We also followed two different approaches to provide a quantitative assessment of the ONFIRE data: (1) we compared it with an independent satellite-based dataset, to examine the coherence among the datasets, and (2) we made use of the ONFIRE dataset to perform the same analysis of a previous study11, thus comparing the results. This two-step assessment process is crucial to ensure the integrity and quality of the ONFIRE data.

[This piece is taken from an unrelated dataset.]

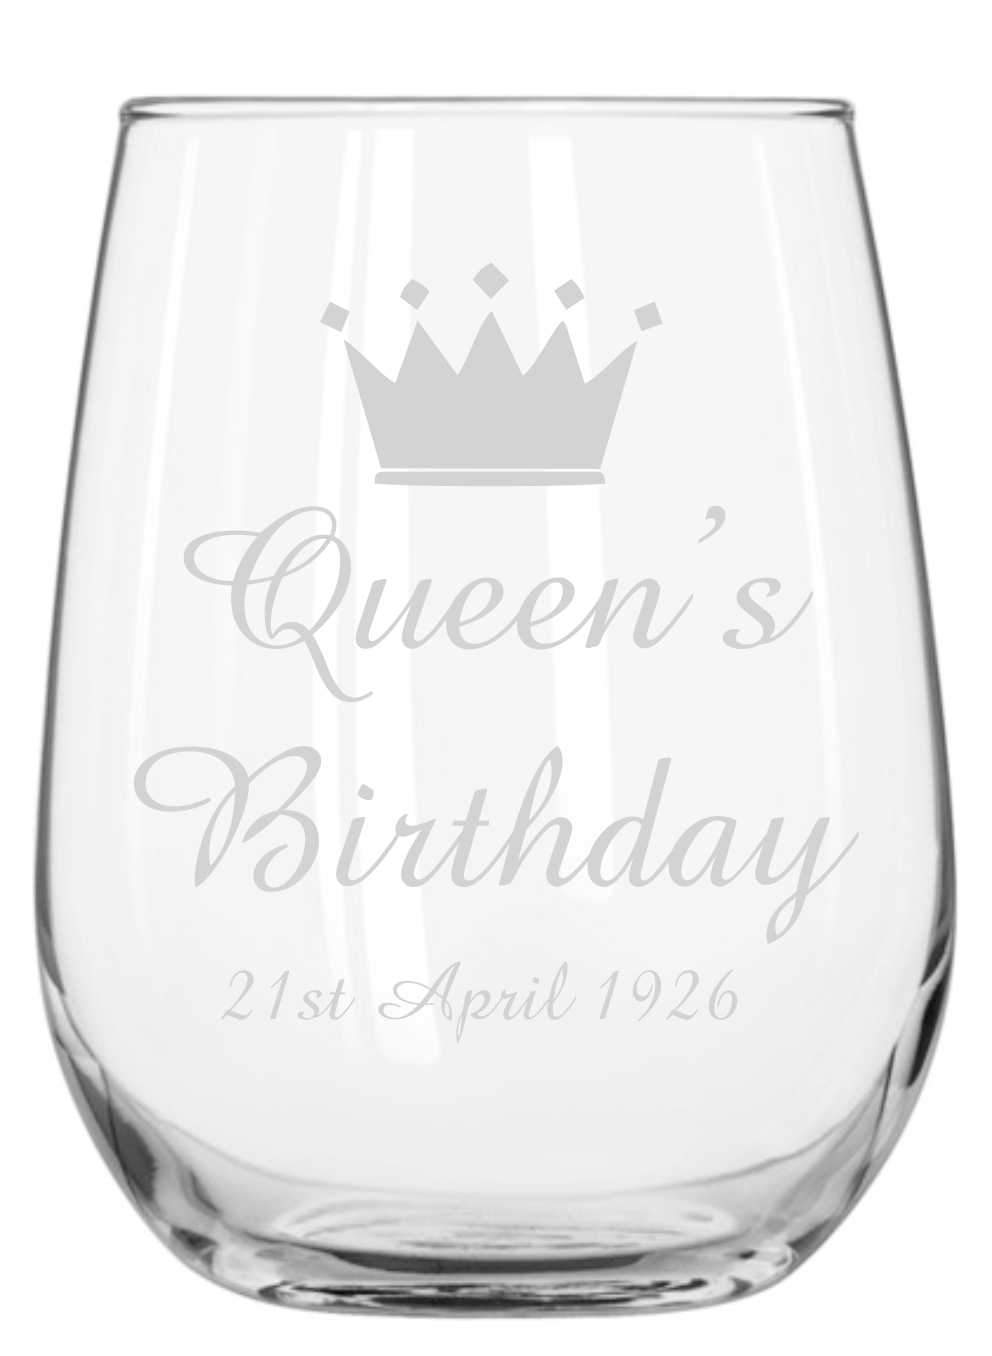 Birthday Engraved Stemless Wine Glass Personalised Glasses Engrave Works

Comparison with an independent dataset

We compared the monthly BA data from the ONFIRE dataset against the remotely sensed FireCCI51 data91, available for the period 2001–2020 at an original resolution of 250 m × 250 m. This is the most recently developed global BA dataset and complements existing global BA products using surface reflectance data from the Near Infrared (NIR) band of the MODIS instrument aboard the Terra satellite, alongside active fire detection information from the MODIS sensors on both Terra and Aqua satellites. When comparing our dataset with FireCCI51, it is important to recognize that although FireCCI51 is referenced as an independent dataset, for the Northern region of Australia, both FireCCI51 and NAFI datasets derive data from the same MODIS satellite sensor. Despite this commonality in data sources, the methodologies employed by each dataset are distinct. FireCCI51 utilizes a fully automated algorithm, whereas NAFI employs a method that combines automated analysis with visual checks and supervised classification. Consequently, despite the similarity in the input data, the significant differences in the processing approaches justify the characterization of this as an intercomparison analysis. In any case, we acknowledge a certain level of non-independence inherent in the data source, which must be carefully considered in our evaluation. A recent comparison amongst remotely sensed and inventory datasets for BA in Mediterranean Europe showed that FireCCI51 had the best agreement with EFFIS BA data overall16. To perform this comparison, a series of steps were undertaken. First, we downloaded the BA data at the grid resolution (0.25° × 0.25°) and we removed non-natural FireCCI51 BA data to align our analysis with official fire statistics, which typically exclude fires on agricultural land. The FireCCI51 dataset provides the sum of burned area for each land cover category. Therefore, we calculated the sum of the burned area by considering all land cover categories except for “cropland, rainfed”, “cropland, irrigated or post-flooding”, and “mosaic cropland (>50%) in line with other methodology”16. Then, the BA data were upscaled by summing all FireCCI51 grid points at 0.25° included in the corresponding 1° grid point of the ONFIRE dataset. Then, the mean annual aggregated BA series, calculated during the overlapping period, were compared. Finally, the temporal similarity of the monthly BA series was evaluated using Spearman correlation.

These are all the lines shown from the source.